**DIRECTIONS**. From the data that follows, set down exactly the lines from the one with "Acrylic Award Wave Design" through the one with "Lucky Brand Fender", counting both. Pictures stay out.

**DATA**.
• • •

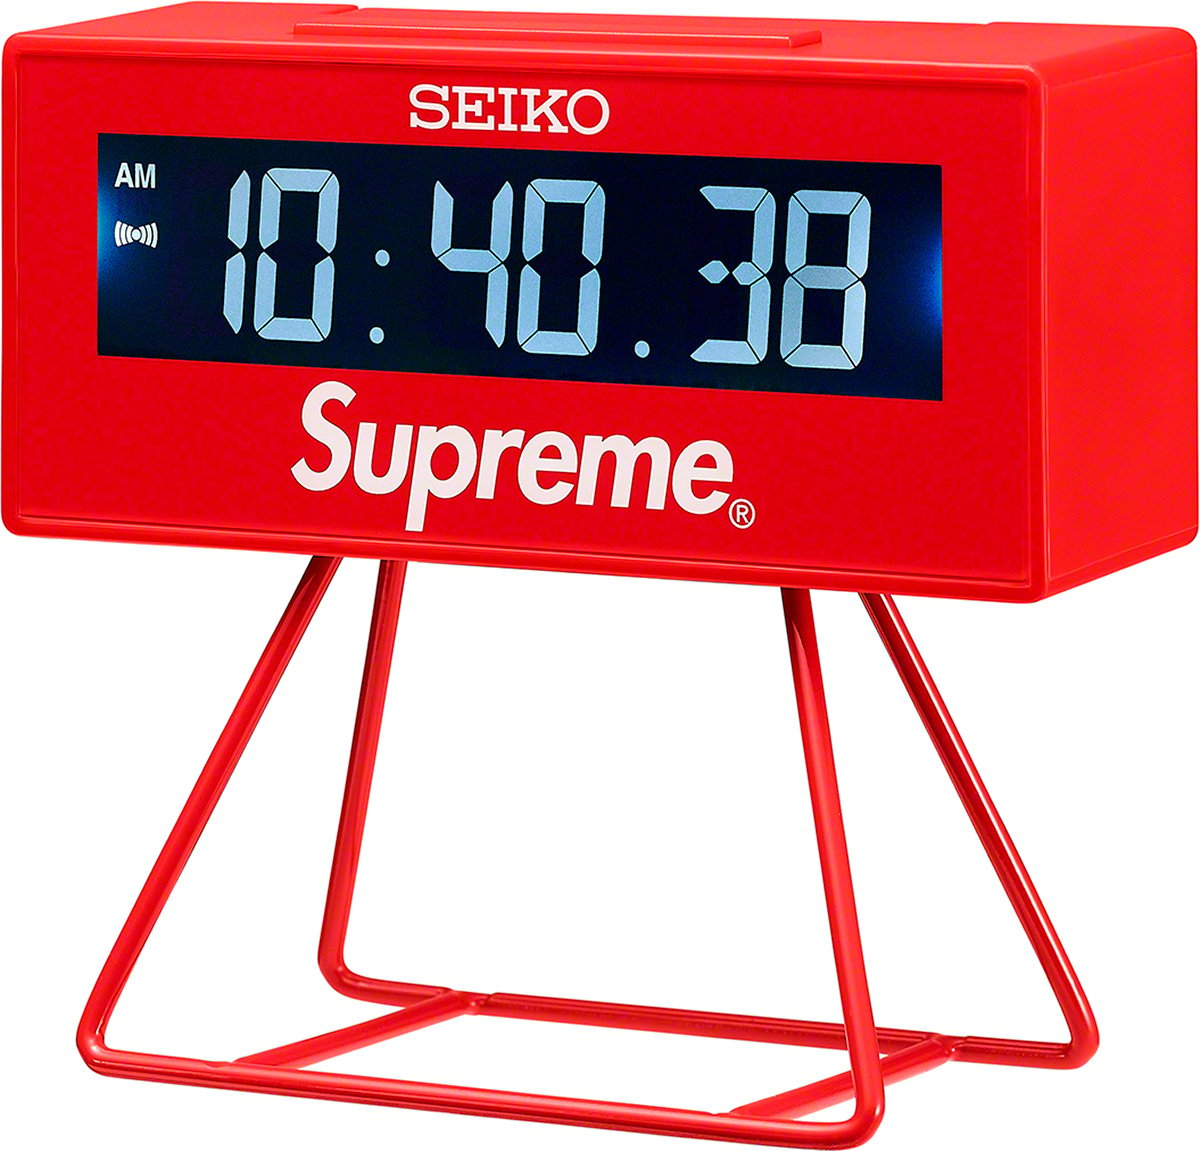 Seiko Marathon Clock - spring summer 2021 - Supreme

• • •

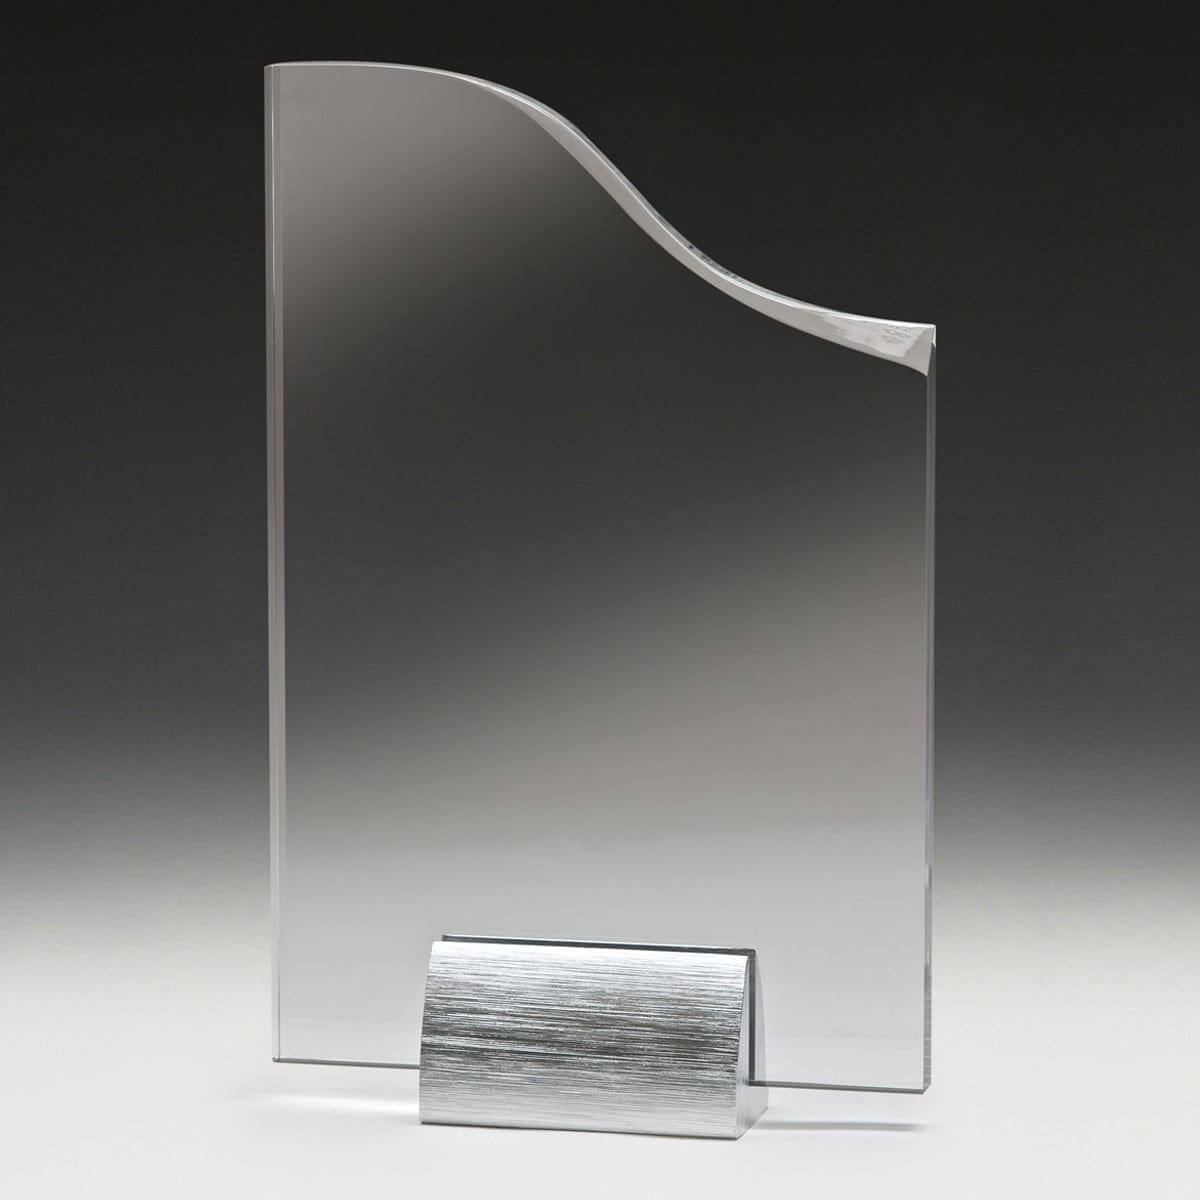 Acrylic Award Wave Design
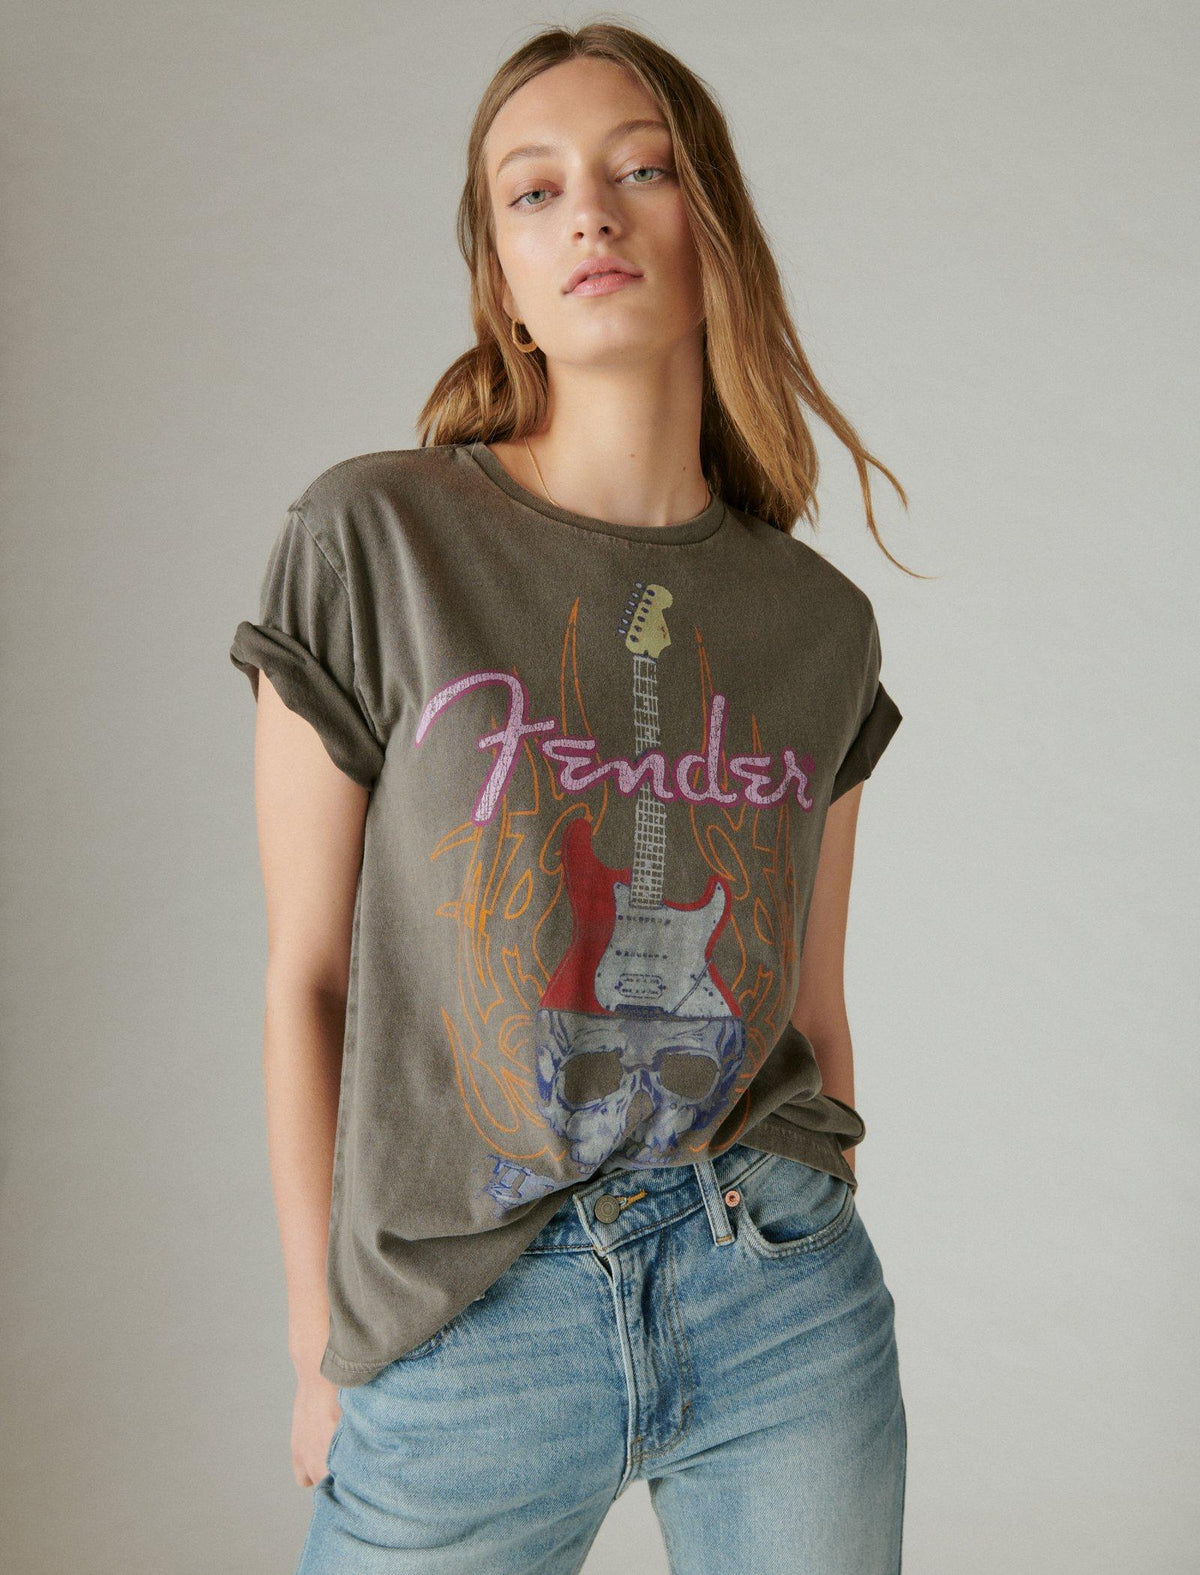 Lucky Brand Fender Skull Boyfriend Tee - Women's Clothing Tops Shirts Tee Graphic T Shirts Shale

• • •

**SOLVED EXERCISE**.
 Acrylic Award Wave Design
 Lucky Brand Fender Skull Boyfriend Tee - Women's Clothing Tops Shirts Tee Graphic T Shirts Shale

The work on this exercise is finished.